In some cases, a buyer must pay prorated home costs already paid by the seller. An example would be annual property taxes.
If the seller has paid the full year of property taxes for a home, even though they are moving out before the year’s end, the buyer will take on a prorated share of the cost. This means that the buyer will pay tax fees to the seller based on the number of months left in the year starting on closing day. Prorations can also apply to utility bills, homeowner association (HOA) fees, condo fees, and more.
Attorney fees are also considered part of closing costs. A real estate attorney helps to ensure the proper legal transfer of a property from the seller to the buyer.

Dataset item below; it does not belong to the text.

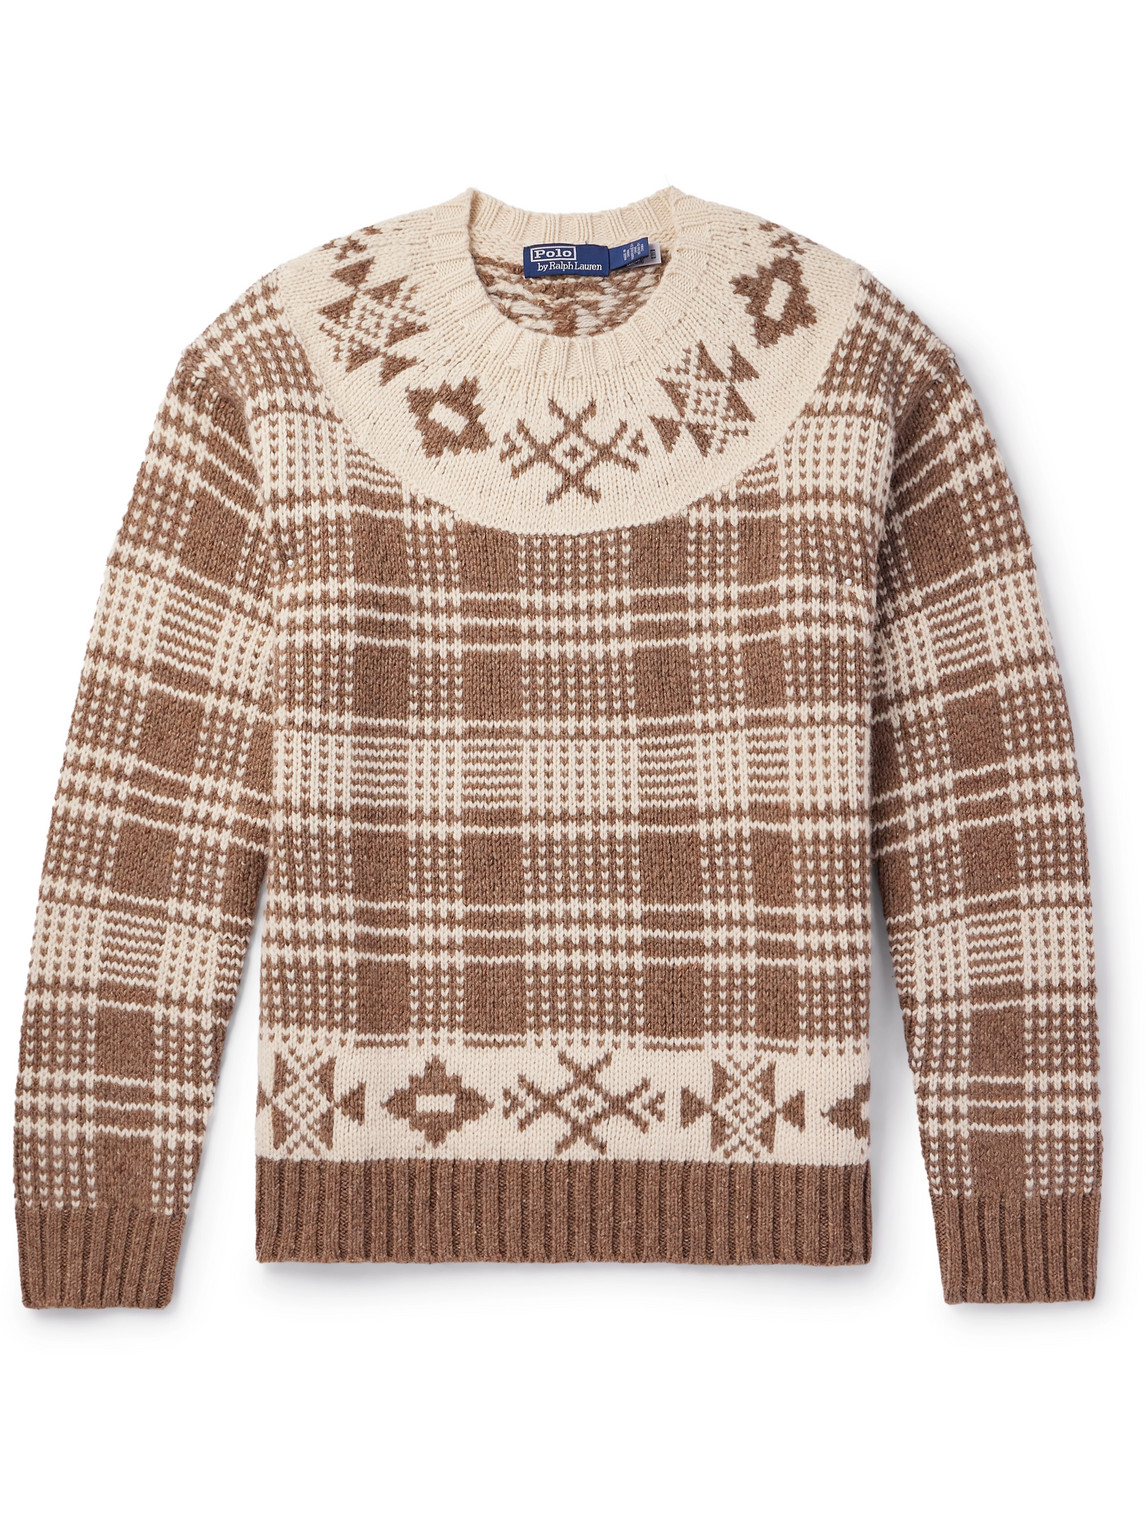 Polo Ralph Lauren - Checked Wool and Linen-Blend Sweater - Men - Neutrals - M von Polo Ralph Lauren

While using an attorney is optional in some cases, state laws in Connecticut, Delaware, Georgia, Massachusetts, New York, North Carolina, South Carolina, and West Virginia require the use of a licensed real estate attorney to handle at least some parts of a property transaction.
If you’ve opted for a rate-lock fee, you’ll pay this at closing. Rate locks allow borrowers to lock in their interest rates during the time between preapproval and closing. Generally, a rate-lock fee can be up to 0.50% of the loan value. Always ask about a free rate lock when shopping for mortgages!
Can You Make Closing Costs Part of the Mortgage?
If average closing costs for buyers are making it hard to afford a home, it’s possible to roll closing fees into a home loan in some cases, depending on a lender’s rules.
The upside to rolling real estate closing costs into a mortgage is that the buyer can purchase a home even if they don’t have a lot of cash to close. The downside is that the buyer will pay more interest over time because the additional fees will make the mortgage larger.
Is There a Way to Reduce Home Closing Costs?
Most closing costs on a house are unavoidable. However, buyers do have some control.
The best way to reduce closing costs is to shop around with different lenders. Some lenders advertise competitive closing costs. What’s more, a lender offering a lower interest rate will help to offset some of the unmovable closing costs.
Of course, asking for seller concessions to reduce closing costs is another option. When taking this route, it’s important to do research to understand how much a seller can legally contribute based on the loan type. With that information in hand, the buyer can approach the seller with a request for concessions.
Just keep in mind that a seller is free to reject this request!
Final Thoughts on House Closing Costs
Closing costs are unavoidable. The good news is that most closing costs go toward fees and services that protect the buyer from making a bad decision.
When shopping for homes, add another 3% to 6% on top of the asking price to get a better idea of how much each home will cost once closing costs are factored into the mix.
Finally, don’t agree to close until the lender provides a legally required closing disclosure which is an estimate of how much cash you will need to close. They must give you this document at least three business days before a scheduled closing.
If the lender is being unresponsive about submitting this document, you can file a complaint with the Consumer Financial Protection Bureau (CFPB).